Problem requirements ▸ Without the pictures, retype each line below exactly as it stands.

Collected data ▸
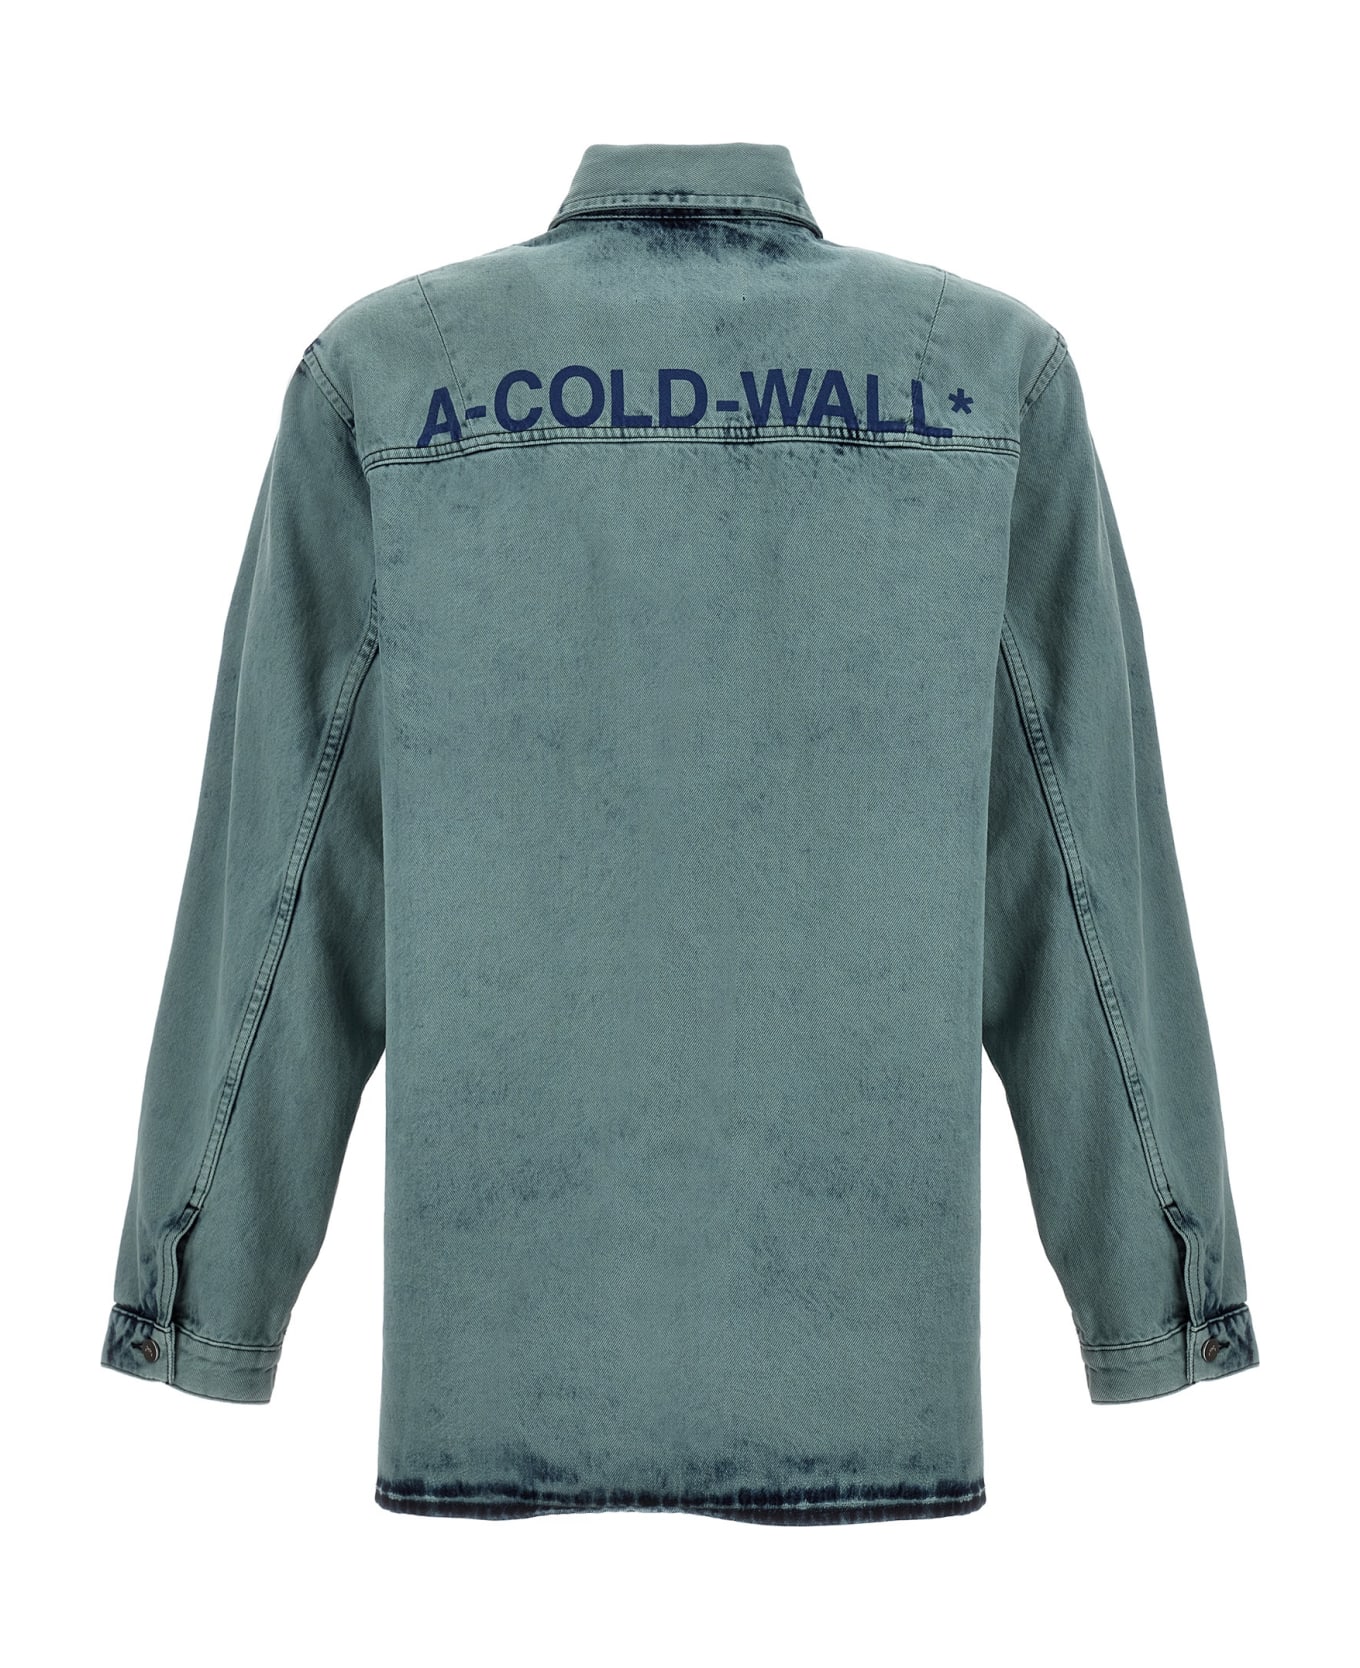 A-COLD-WALL 'bleached Overdyed' Shirt - Light Blue
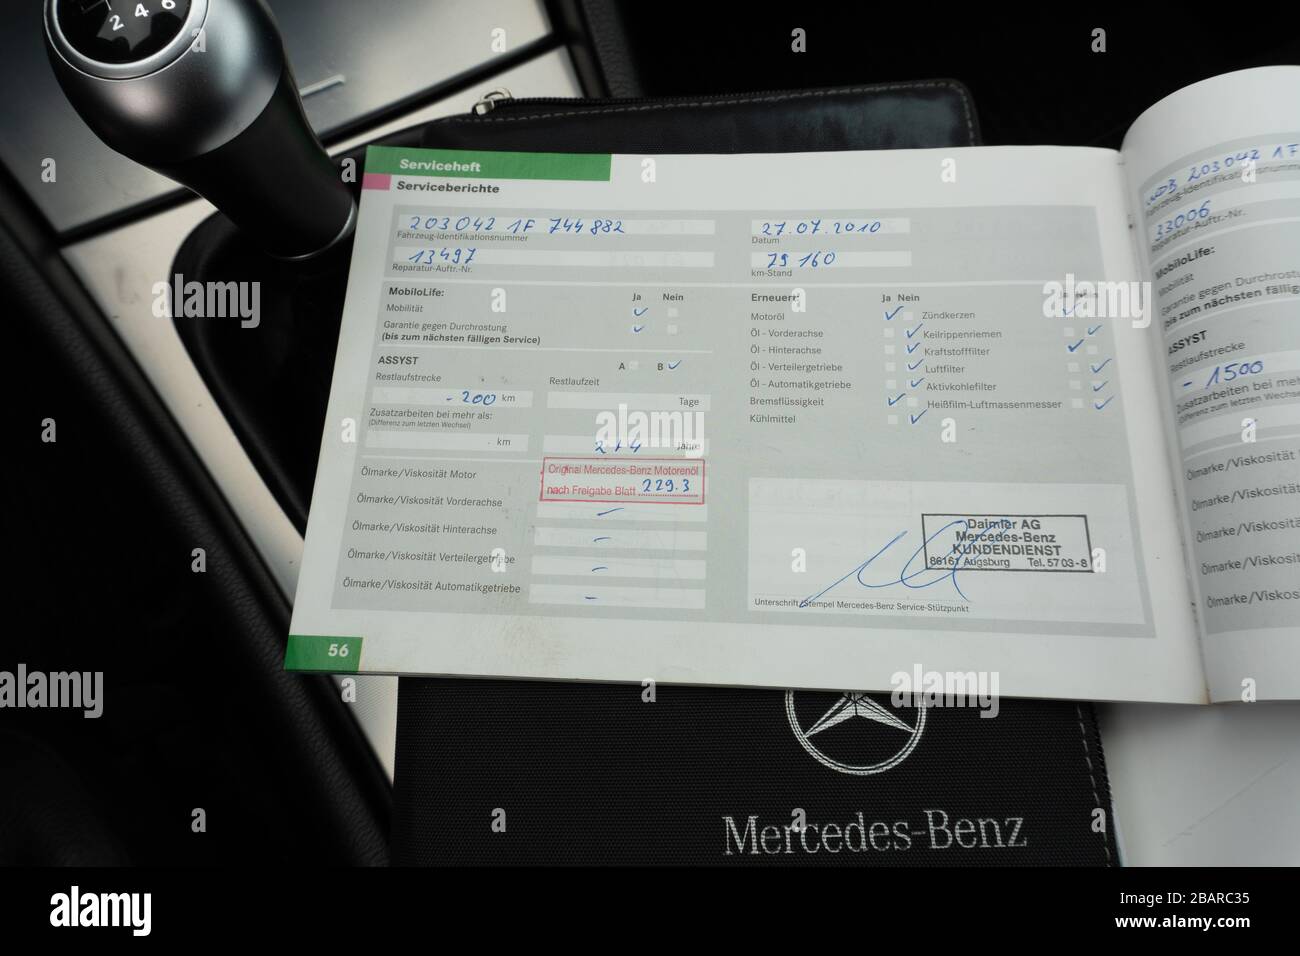 Mercedes Benz service history book-scheduled maintenance, check
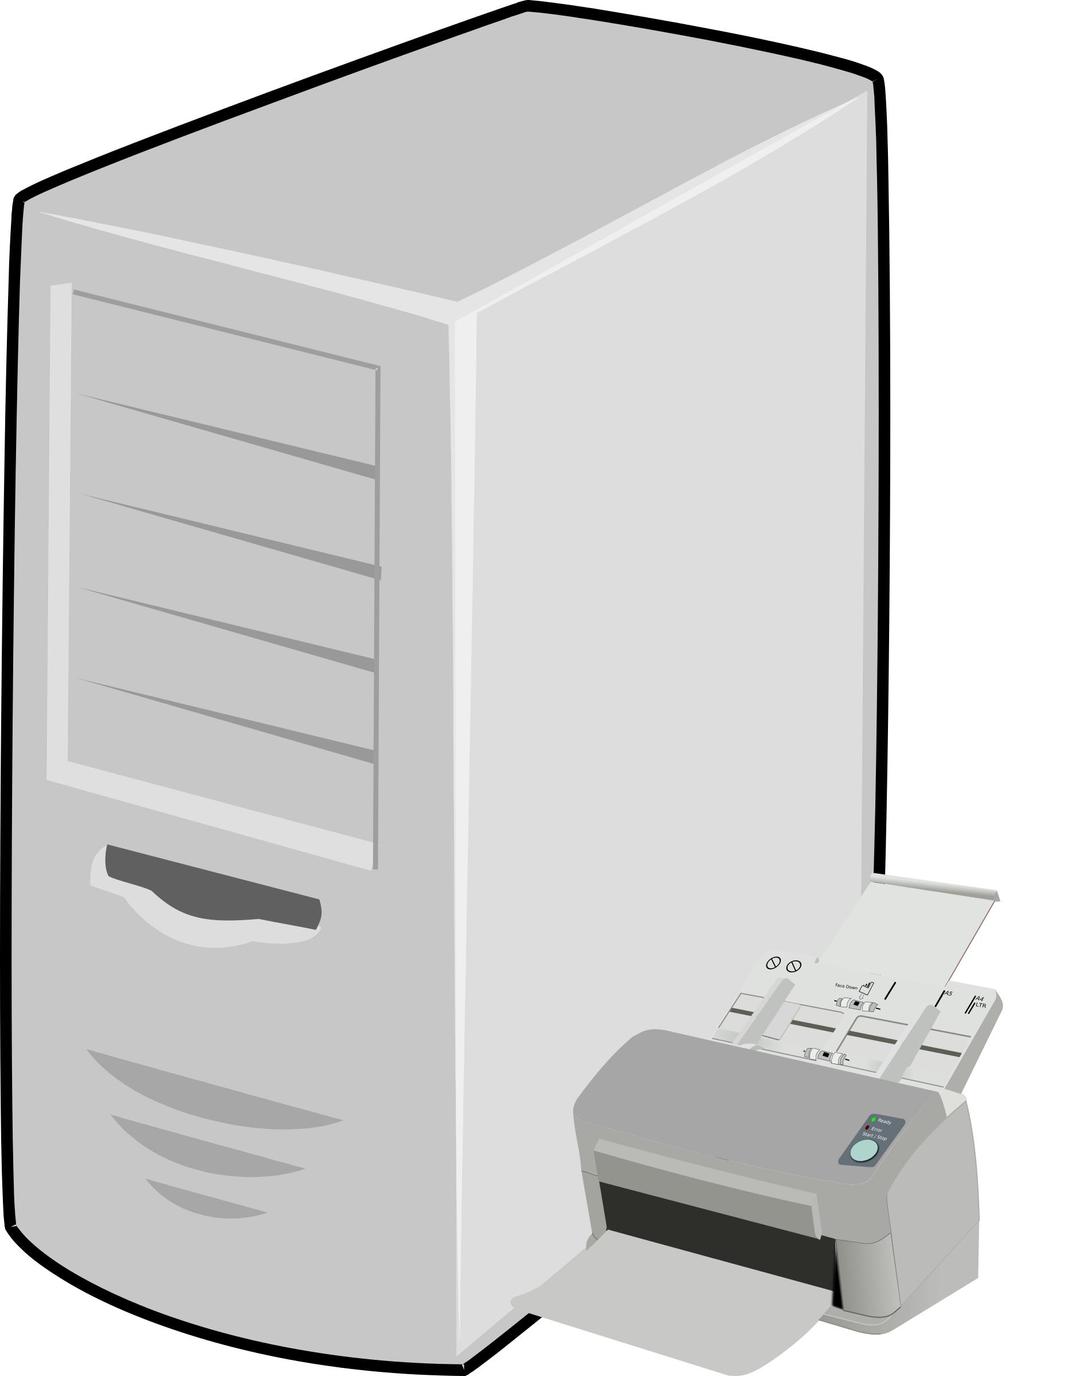 Fax Server png transparent

Written answer ▸
 A-COLD-WALL 'bleached Overdyed' Shirt - Light Blue
 Mercedes Benz service history book-scheduled maintenance, check
 Fax Server png transparent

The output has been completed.